The Cass Review found that the majority of young people grow out of their feelings of gender incongruence, which persists only for a “small minority” of people. Her review found that youngsters with mental health problems or those on the autism spectrum were frequently misdiagnosed with dysphoria.

Threat of Future Litigation
Keira Bell, a woman who was given puberty blockers when she was 14 before going on to have a double-mastectomy in a bid to present as a man, came to regret her decision and took legal action against the Tavistock and Portman NHS Foundation Trust’s Gender Identity Development Service, in a bid to halt the prescribing of puberty blockers.Bell, together with the parents of a teenager seeking to prevent their child being given the drugs, initially won the case in 2020, but the decision was overturned on appeal, allowing the prescribing of puberty blockers to continue until the government intervened in the wake of the Cass Review.

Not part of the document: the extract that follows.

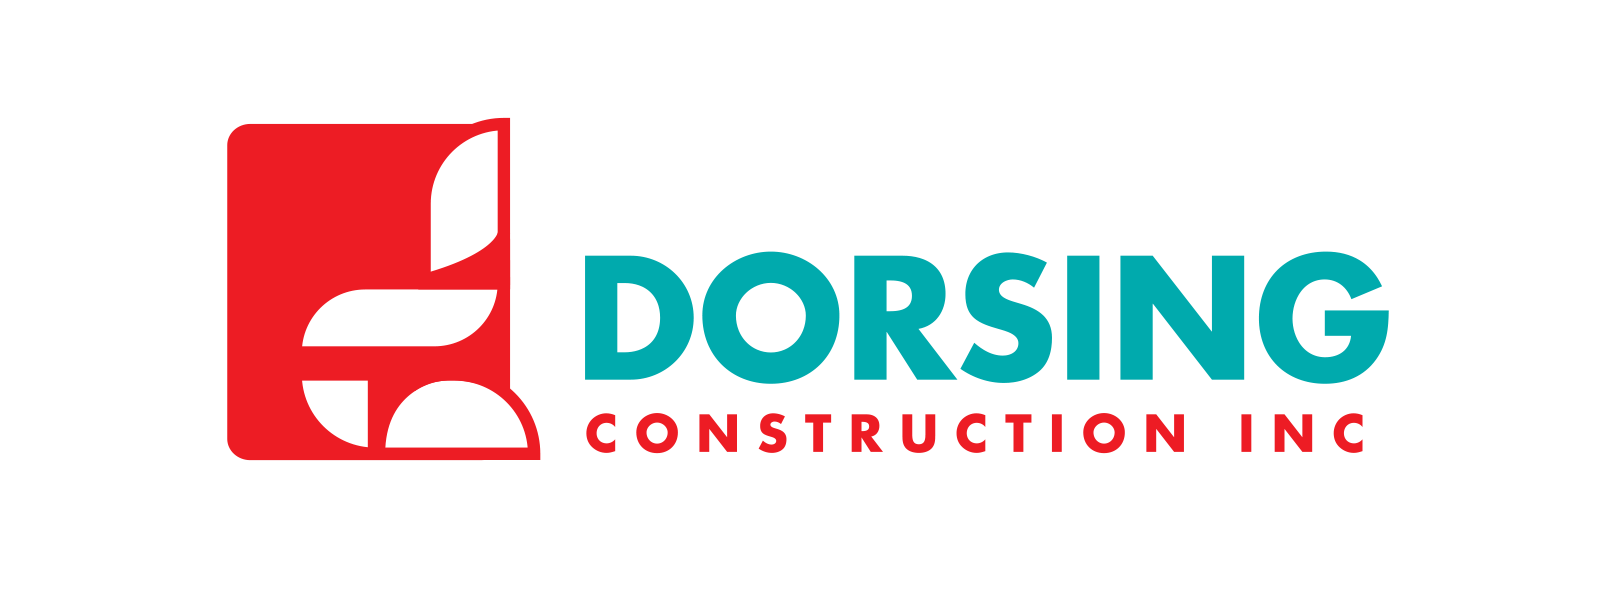 Dorsing Construction Logo Graphics Byte

Earlier this year, a solicitor reportedly instructed by Bell and psychotherapist James Esses, wrote to the Health Research Authority (HRA), the body responsible for protecting the interests of patients and the public in health and social care research, to warn them of potential future litigation if children are harmed in the trial, or come to regret taking the drugs in the future.
The HRA told The Epoch Times in a statement that it has yet to receive the application for the study.
“We are expecting an application from the PATHWAYS programme of research for a clinical trial, but we have not received [it] yet. If an application is received it will be reviewed in line with our standard operating procedures for Research Ethics Committees (RECs), as would any other clinical trial. A REC reviews the ethical considerations of a study and gives an opinion on whether it should proceed. A summary of any study given a final opinion by a REC is published on our website no earlier than 90 days of the final opinion being given.”
The Epoch Times has contacted NHS England and the Department for Health and Social Care for comment.